═══ EXERCISE DATA

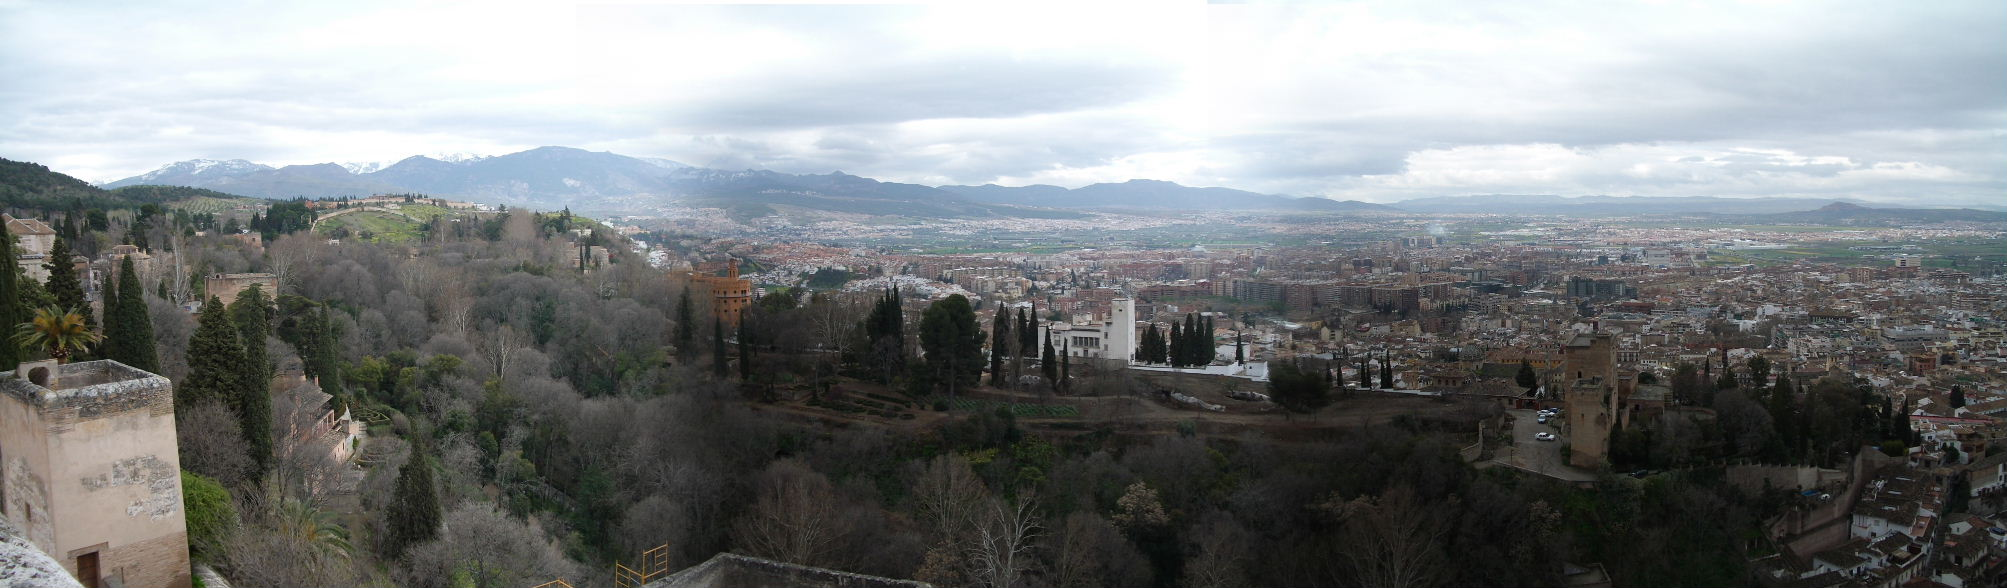 アルカサバからの景色
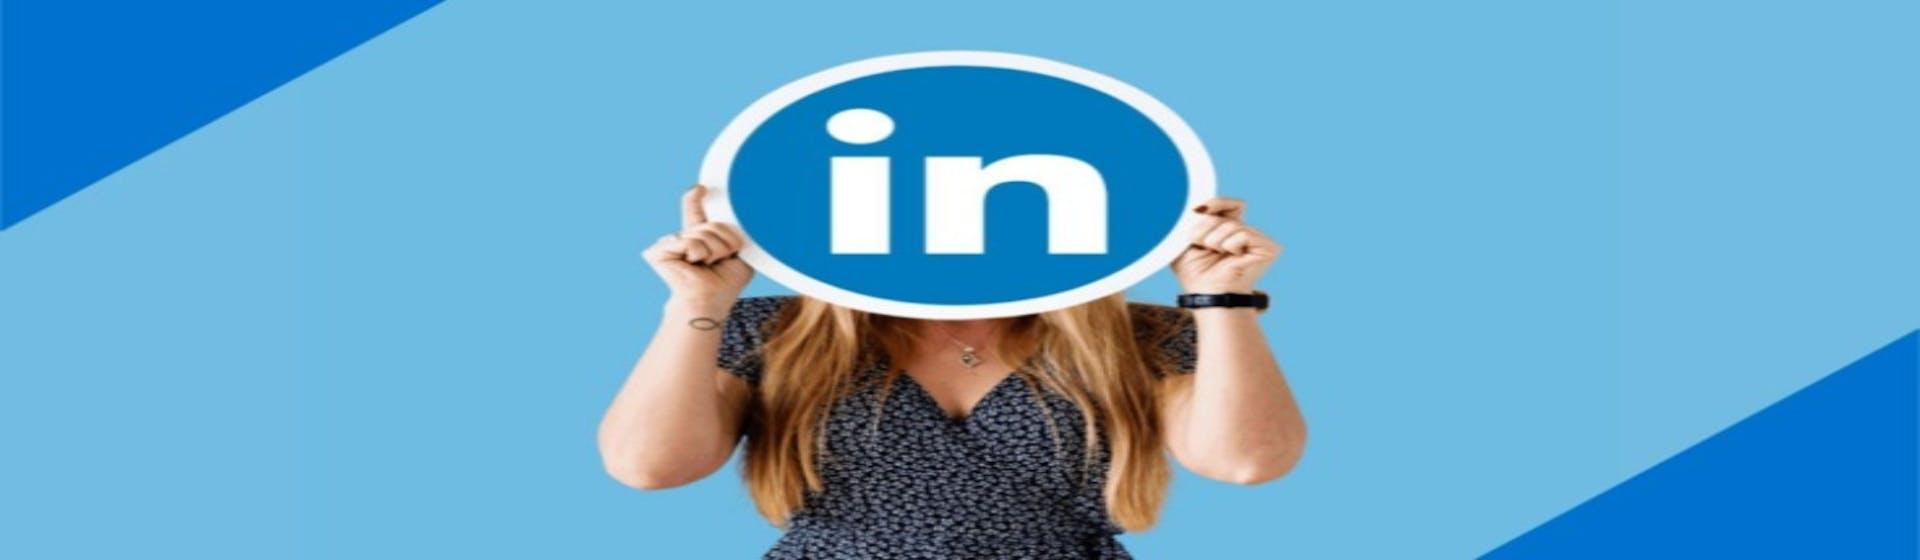 Cómo publicar una vacante en LinkedIn, guía paso a paso
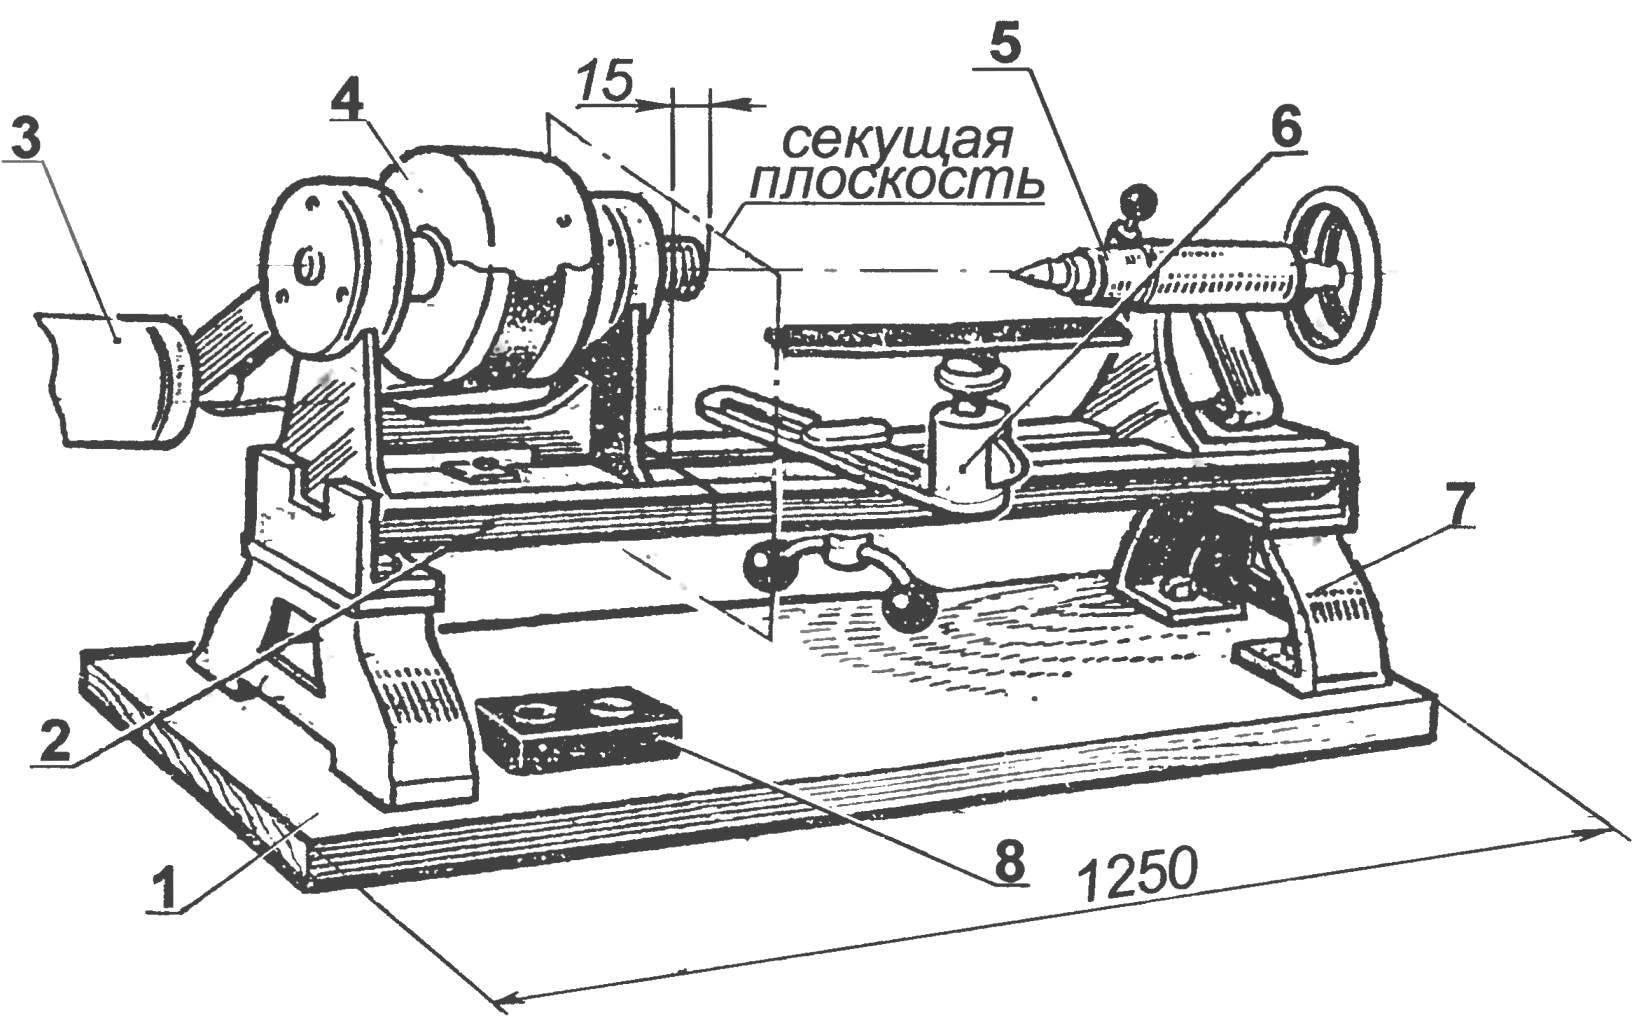 Деревообрабатывающий токарный станок СТД-120

══════

> [WHAT IS BEING ASKED]: Once the pictures are removed, print all the remaining data exactly as it stands.

> [ANSWER TO THIS PROBLEM]:
 アルカサバからの景色
 Cómo publicar una vacante en LinkedIn, guía paso a paso
 Деревообрабатывающий токарный станок СТД-120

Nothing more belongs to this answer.